#### Problem description:
Only the pictures are to be left out; write out the rest of the data exactly.

#### Dataset content:

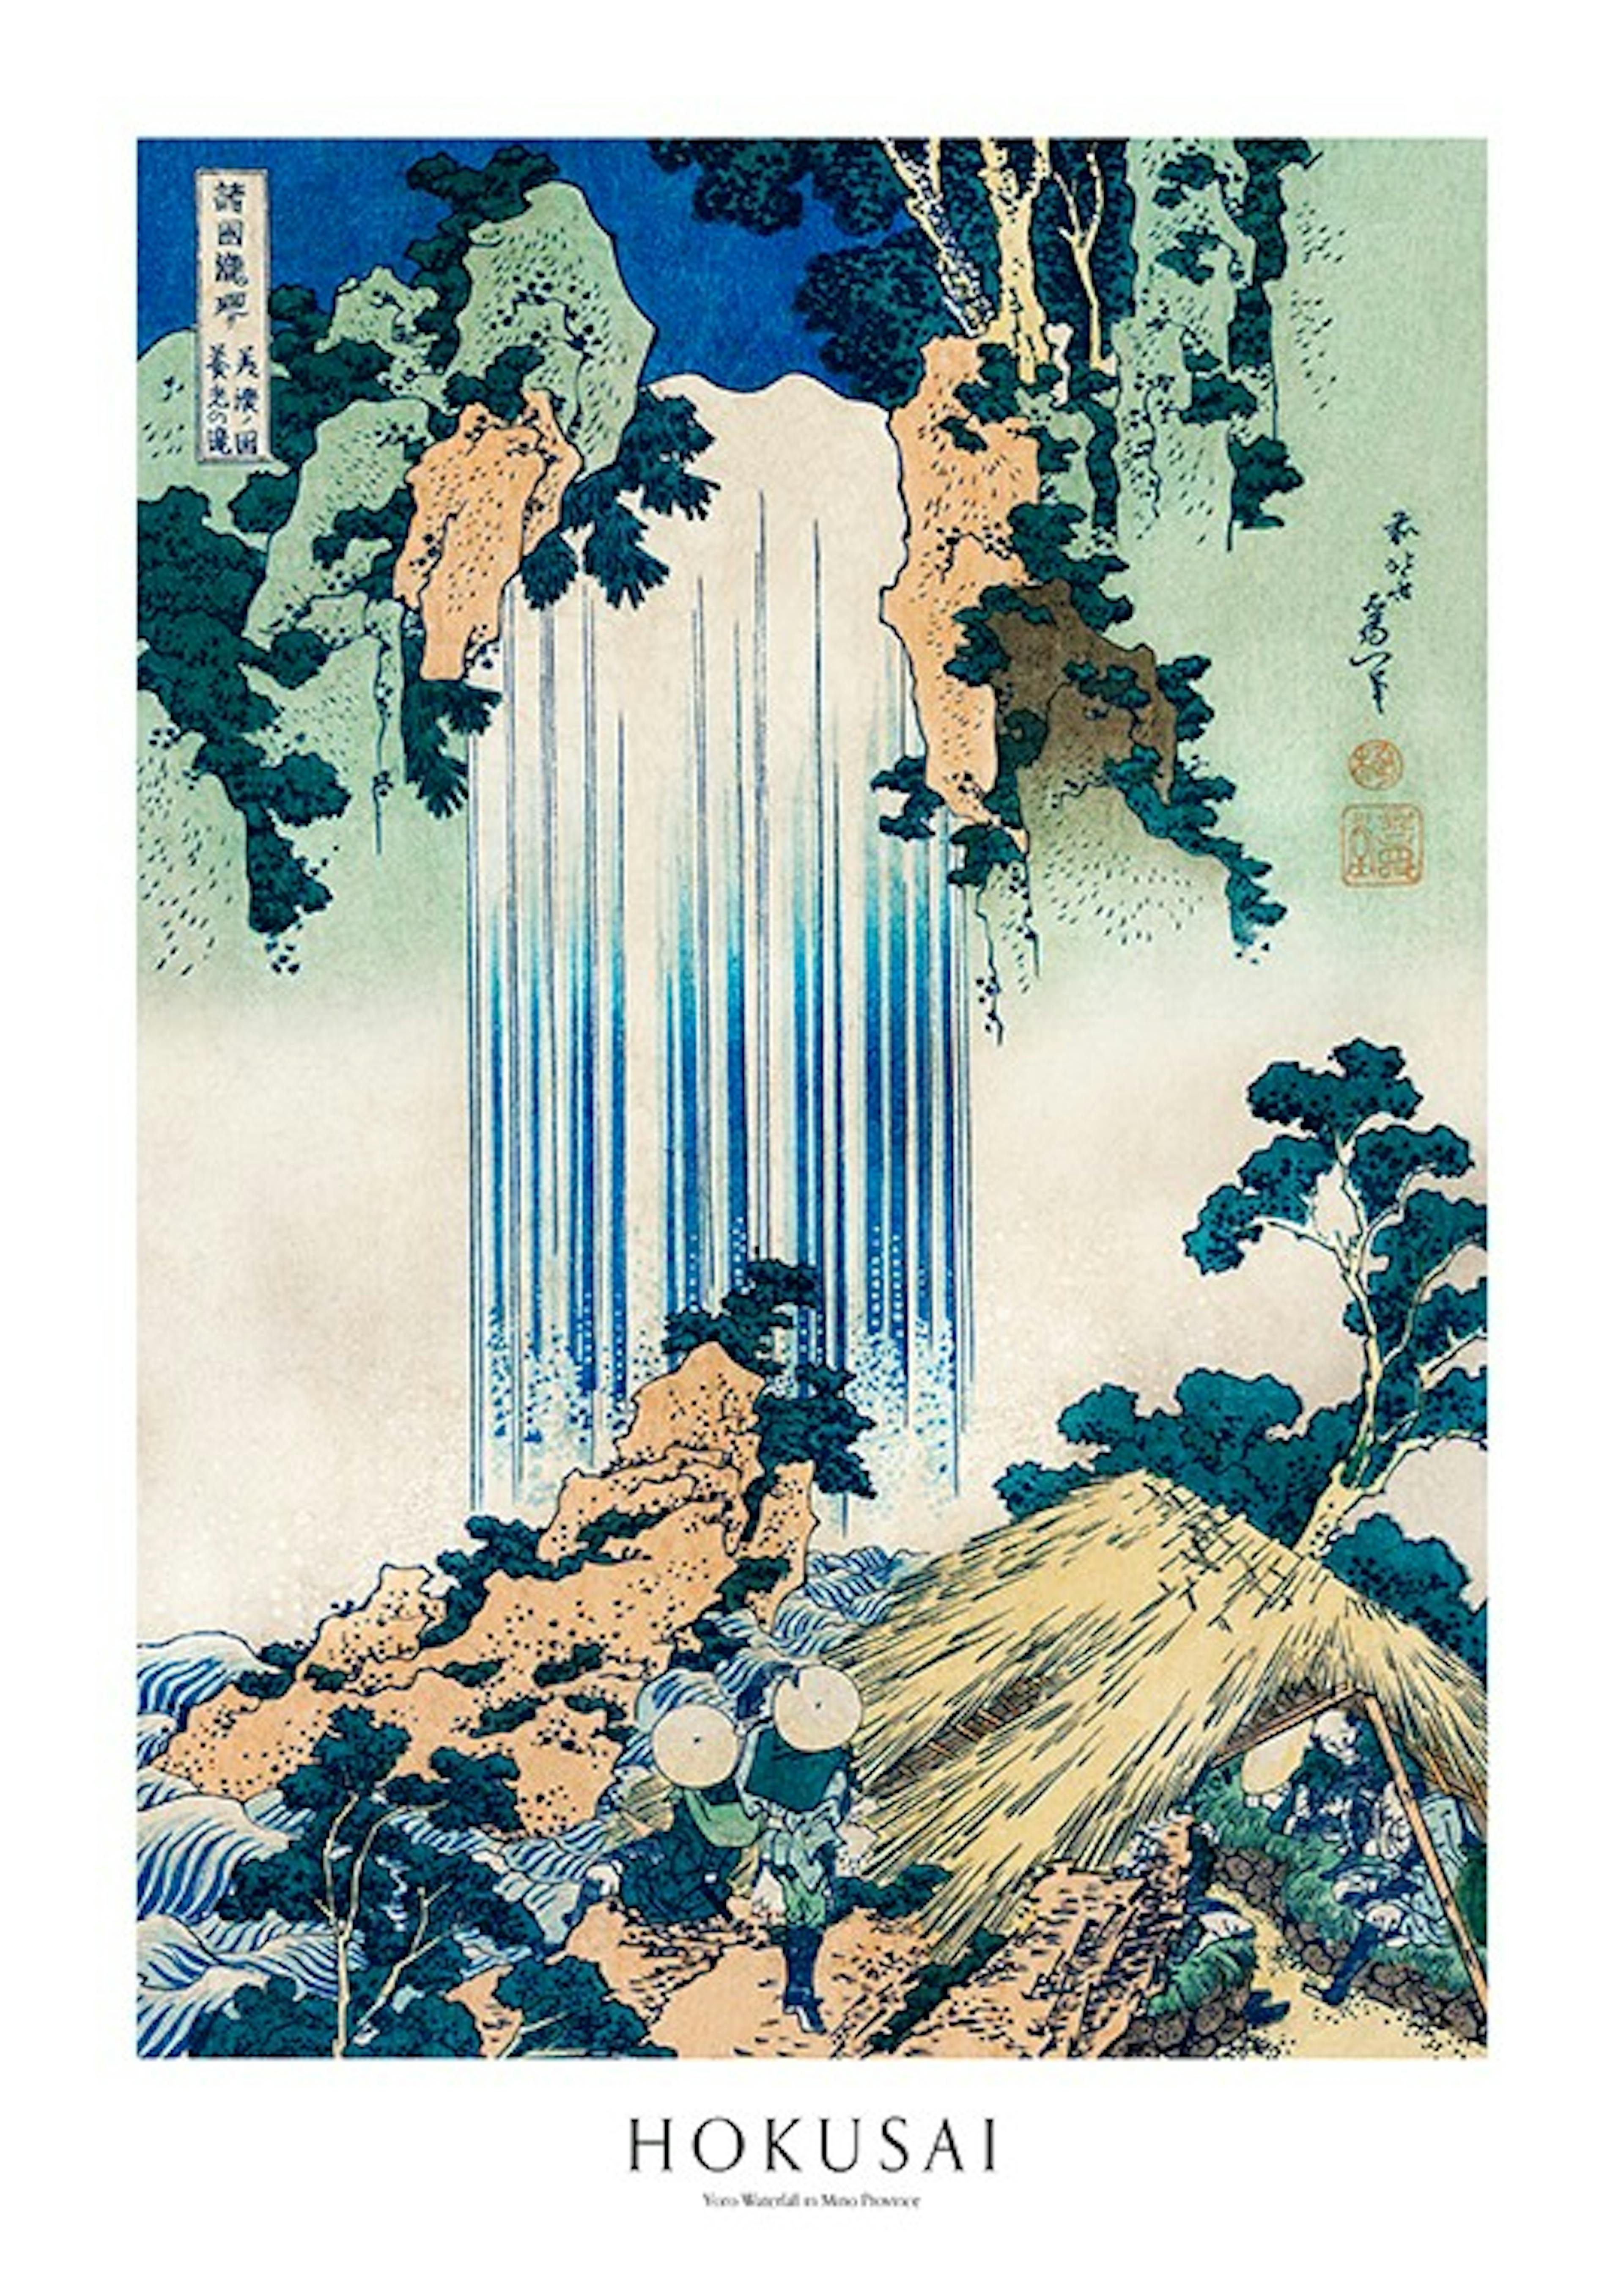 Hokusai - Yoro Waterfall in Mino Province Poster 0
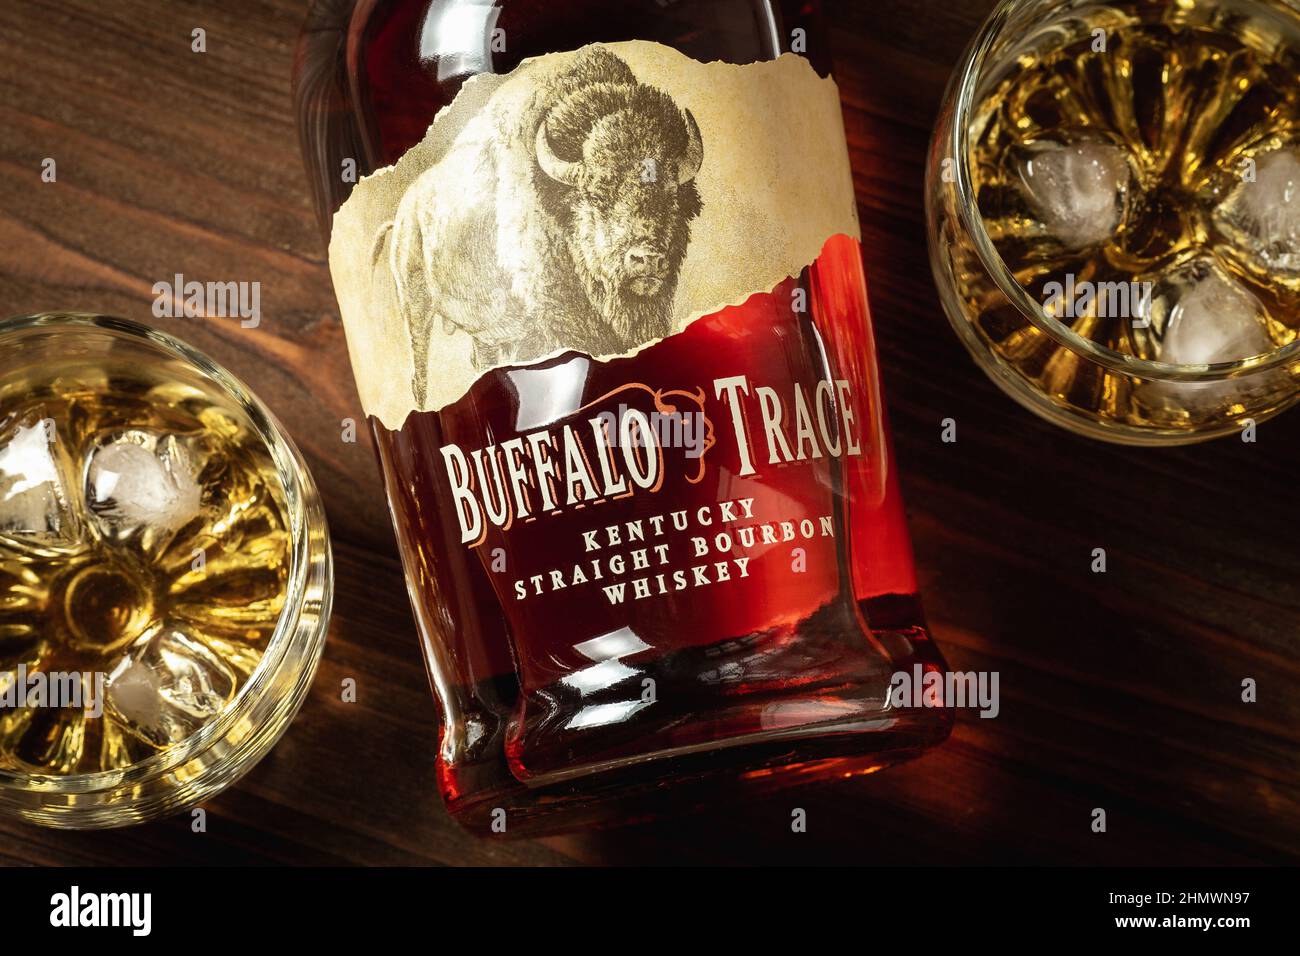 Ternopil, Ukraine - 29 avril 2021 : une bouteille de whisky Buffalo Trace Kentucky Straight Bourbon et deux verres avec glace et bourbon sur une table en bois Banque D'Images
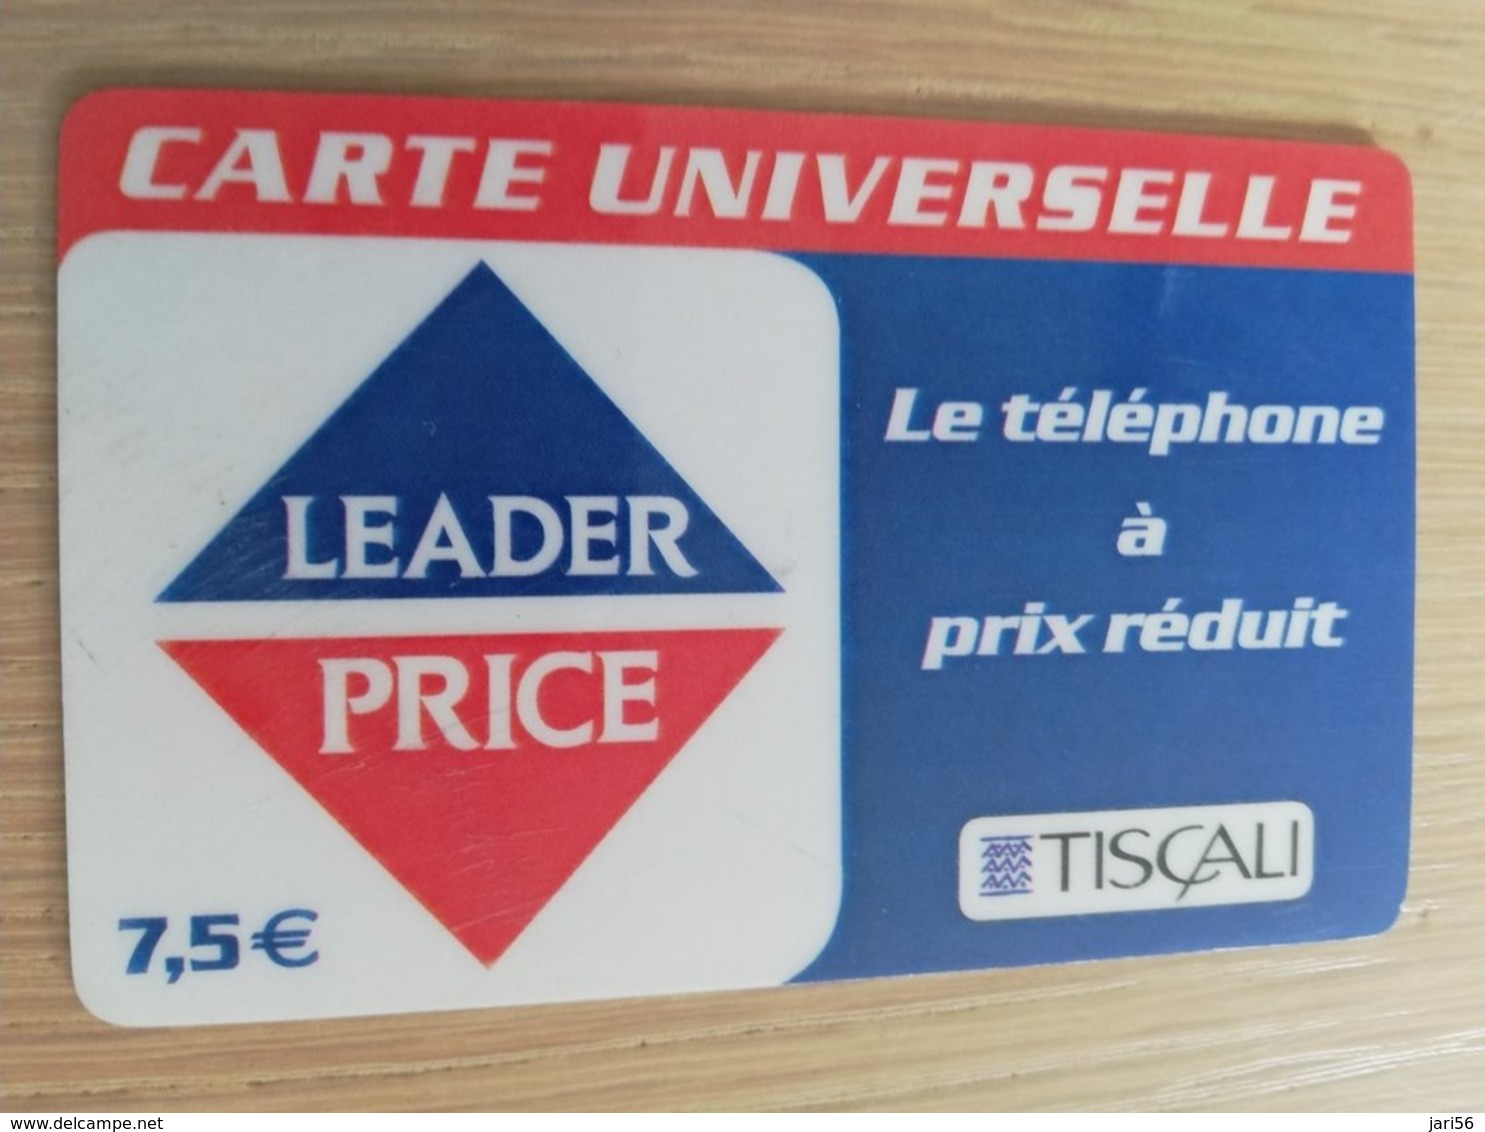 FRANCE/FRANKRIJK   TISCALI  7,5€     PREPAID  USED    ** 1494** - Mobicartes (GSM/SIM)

#### Answer to the problem:
 Hokusai - Yoro Waterfall in Mino Province Poster 0
 Ternopil, Ukraine - 29 avril 2021 : une bouteille de whisky Buffalo Trace Kentucky Straight Bourbon et deux verres avec glace et bourbon sur une table en bois Banque D'Images
 FRANCE/FRANKRIJK   TISCALI  7,5€     PREPAID  USED    ** 1494** - Mobicartes (GSM/SIM)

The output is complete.